Options for READ API

Teradata Read API supports read from table in two ways:

JDBC Read Options

Options with default values:

Option Default Values to specify
gimel.jdbc.username spark.user Username
gimel.jdbc.p.strategy file file/inline/custom ,
- if gimel.jdbc.p.strategy = file, set gimel.jdbc.p.file as well,
- if gimel.jdbc.p.strategy = inline, set gimel.jdbc.password as well
- if gimel.jdbc.p.strategy = custom, set gimel.jdbc.auth.provider as well
gimel.jdbc.p.file hdfs:///user/$USER/password/teradata/pass.dat NOTE: Specify this option if gimel.jdbc.p.strategy = file. An HDFS/Local file path containing password
gimel.jdbc.p.file.source hdfs local or hdfs
gimel.jdbc.password - password
charset UTF16 ASCII,UTF8,UTF16
numPartitions 16 Required number of partitions
gimel.jdbc.read.partition.columns Primary indexes for the table else no column The columns on which the data has to be partitioned, delimited by comma
lowerBound min value of primary index column else none Lower bound of the values in partition column, if known
upperBound max value of primary index column else none Upper bound of the values in partition column, if known
fetchSize 10000 User specified fetchSize
gimel.jdbc.read.type BATCH FASTEXPORT
SESSIONS 5 Required number of sessions
gimel.jdbc.auth.provider   com.example.CustomAuthProvider - Custom auth provider for proxyuser credentials

READ from Teradata Table using Gimel API - BATCH Read (No FASTEXPORT)

// common imports
import org.apache.spark._
import org.apache.spark.sql._
import com.paypal.gimel.DataSet

//Initiate DataSet
val dataSet: DataSet = DataSet(spark)

//options "can" be used to specify extra parameters to read data from teradata
val partitions = 4
val fetchSize = 10000

val options = Map(
          ("numPartitions", s"${partitions}")
        , ("fetchSize", s"${fetchSize}")
)

//read API
val readdf = dataSet.read(s"UDC.Teradata.mycluster.yelpdb.YELP_TIP", options)

// Do some usecase
readdf.show()

READ from Teradata Table using Gimel API with FASTEXPORT

// common imports
import org.apache.spark._
import org.apache.spark.sql._
import com.paypal.gimel.DataSet

//Initiate DataSet
val dataSet: DataSet = DataSet(spark)

//options "can" be used to specify extra parameters to read data from teradata
val partitions = 4
val fetchSize = 10000

val options = Map(
          ("numPartitions", s"${partitions}")
        , ("fetchSize", s"${fetchSize}")
        , ("gimel.jdbc.read.type", "FASTEXPORT")
)

val readdf = dataSet.read(s"UDC.Teradata.mycluster.yelpdb.YELP_TIP", options)


// Do some usecase
readdf.show()

READ from Teradata Table using Gimel API with Password File

Setting password for JDBC datasource

This way will mask the spark user with Gimel’s proxy user. User will not need to specify password in this case.

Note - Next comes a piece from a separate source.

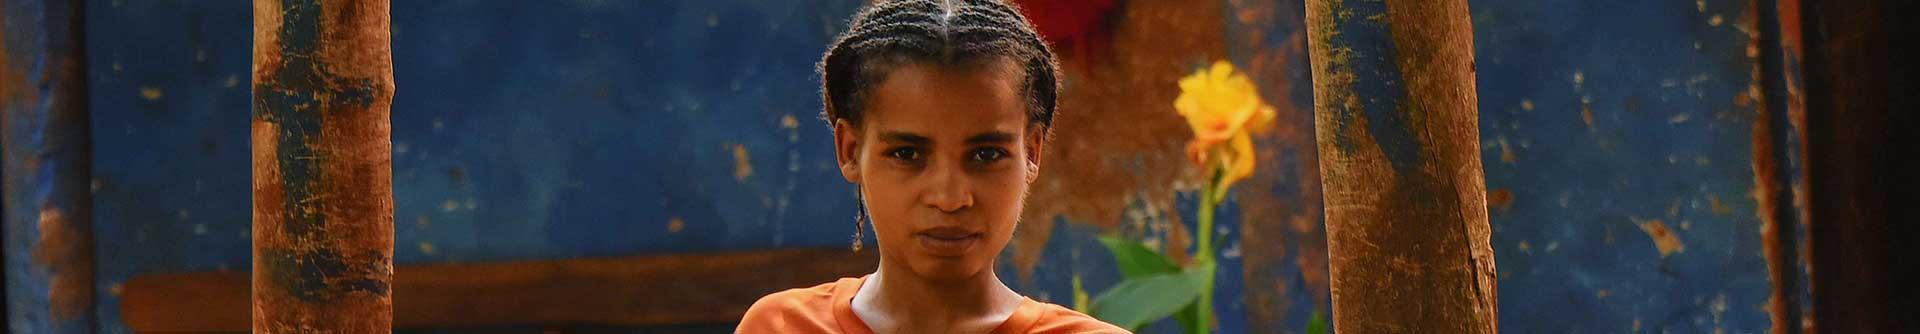 Ethiopia | Family Planning 2020

Here, AuthProvider is required to get credentials for gimel proxy user. You need to extend com.paypal.gimel.common.security.AuthProvider in gimel-common and implement getCredentials method.


import org.apache.spark._
import org.apache.spark.sql._
import com.paypal.gimel.DataSet

//Initiate DataSet
val dataSet: DataSet = DataSet(spark)

val options = Map("rest.service.method" -> "https",
"rest.service.host" -> "udc-service-host",
"rest.service.port" -> "443",
"gimel.jdbc.auth.provider.class" -> "com.example.CustomAuthProvider",
"gimel.jdbc.p.strategy" -> "custom")

val df = dataset.read("UDC.Teradata.mycluster.yelpdb.YELP_TIP", options)


Password for JDBC data sources are specified in the file stored in any HDFS location. If not specified, default the API will look for password file at location in HDFS hdfs:///user/$USER/password/teradata/pass.dat . This file will contain password in the format jdbc_url/$USER,password .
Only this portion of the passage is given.